Everything in the listing must be repeated exactly, apart from the images.
[Opening Information shown section]
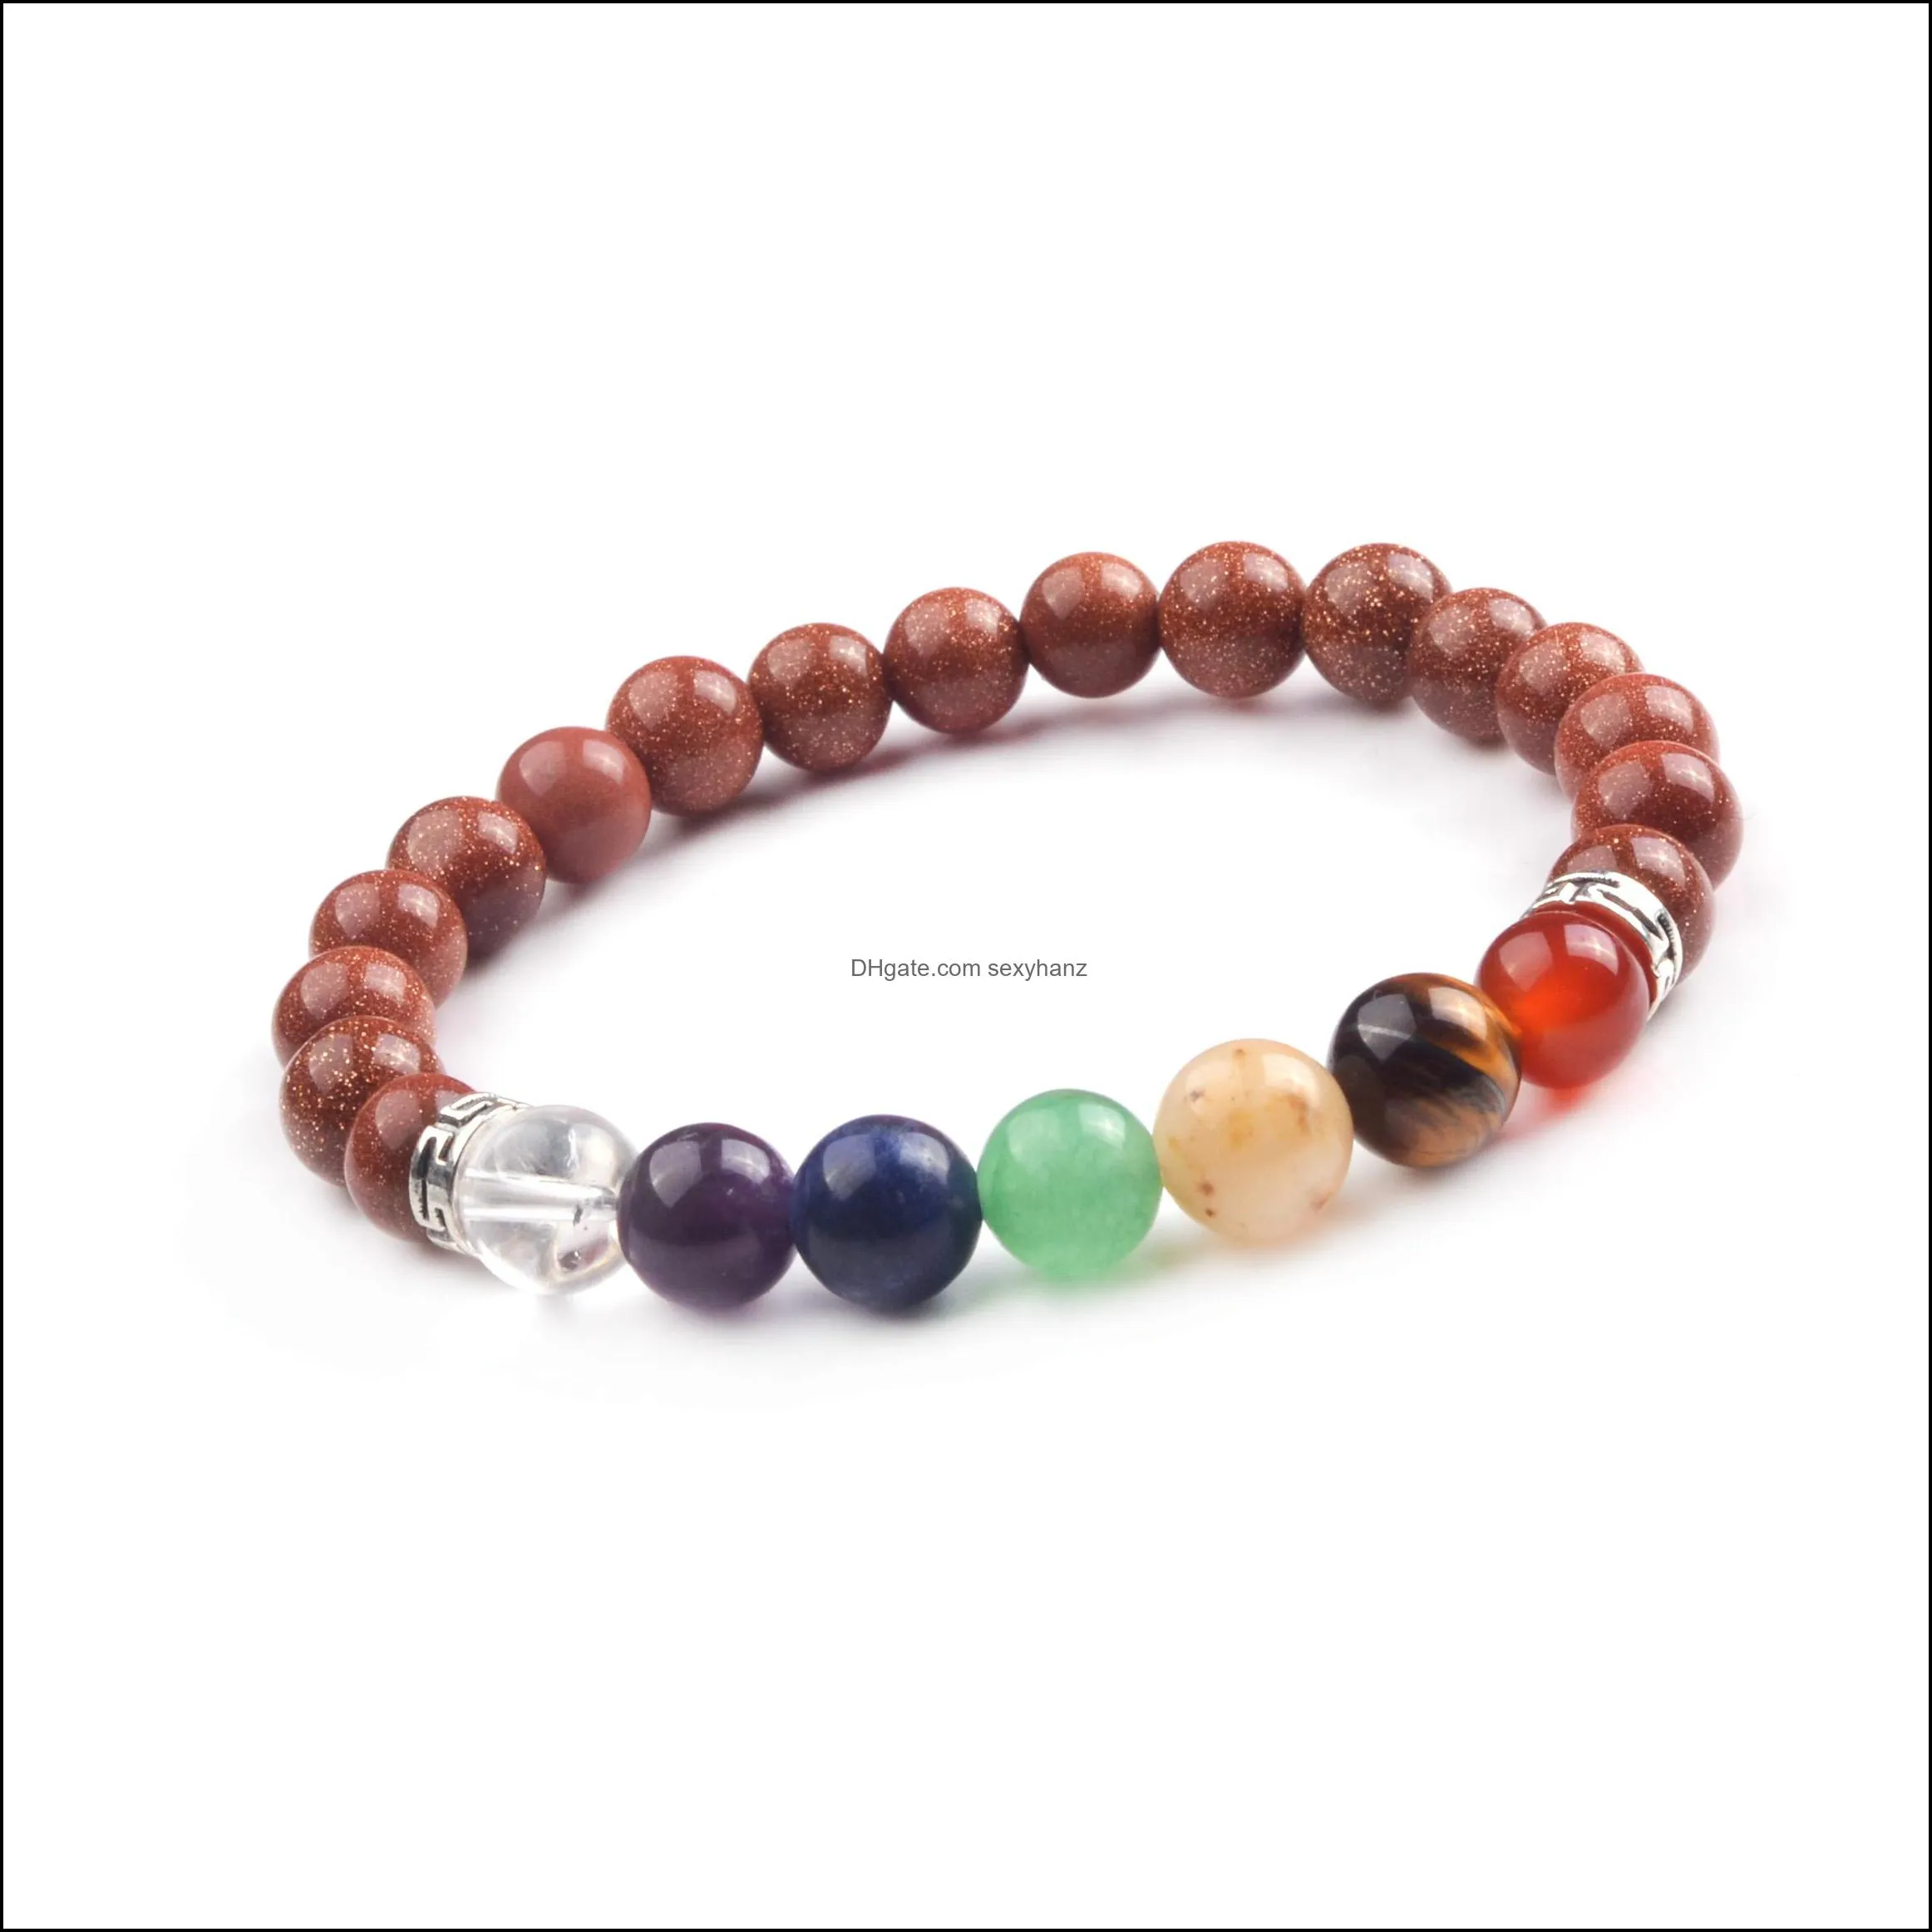 Seven Chakra Bead Bracelets - 8mm Natural Lava Stone Bead Bracelet, Men`s Stress Relief Yoga Beads Aromatherapy Essential Oil Disperser
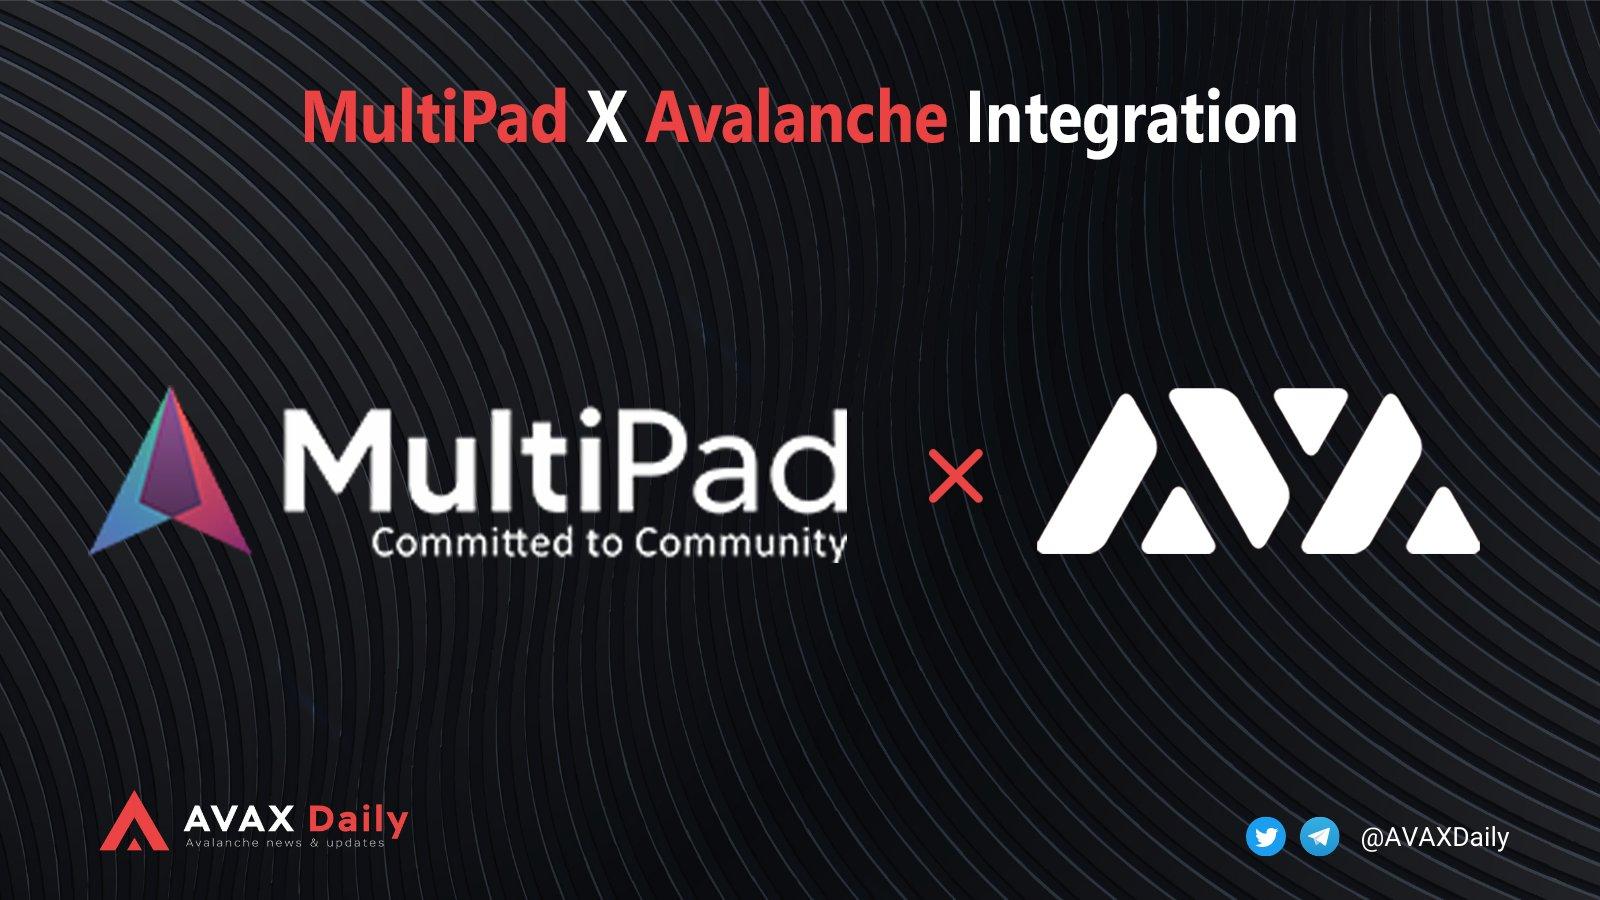 Multipad X Avalanche Integration
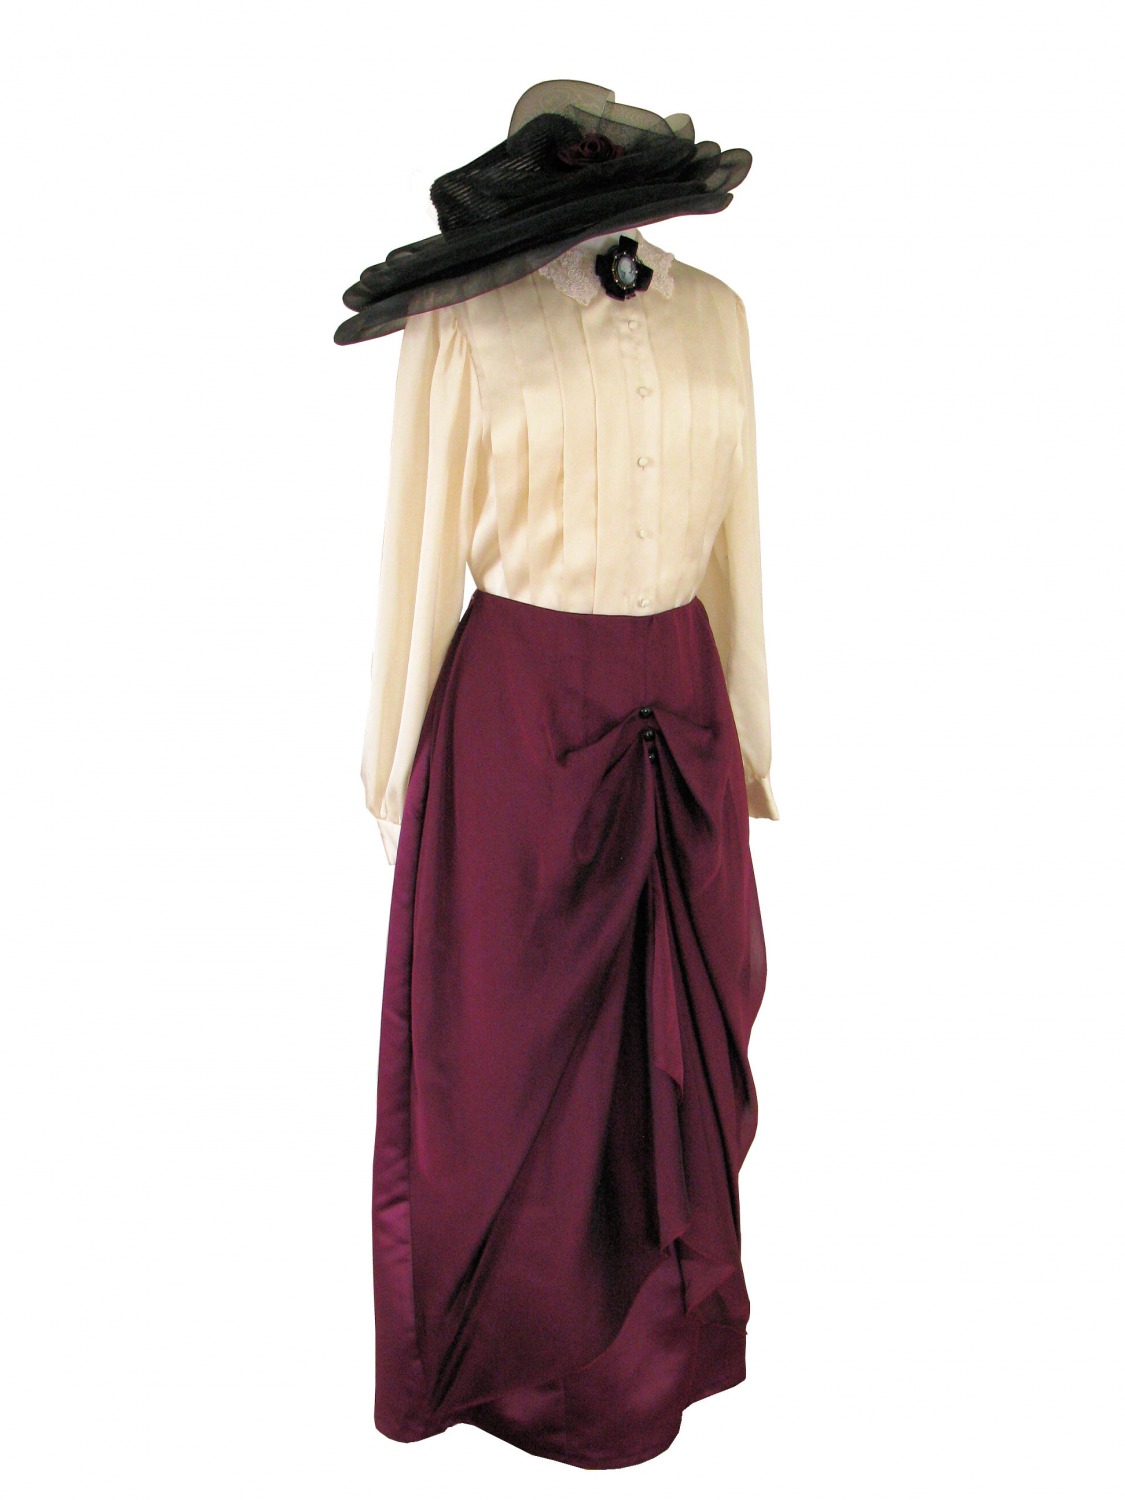 Ladies Edwardian Suffragette Downton Abbey Titanic Costume Size 10 - 12 Image
[Closing Information shown section]
Answer to this exercise ::
 Seven Chakra Bead Bracelets - 8mm Natural Lava Stone Bead Bracelet, Men`s Stress Relief Yoga Beads Aromatherapy Essential Oil Disperser
 Multipad X Avalanche Integration
 Ladies Edwardian Suffragette Downton Abbey Titanic Costume Size 10 - 12 Image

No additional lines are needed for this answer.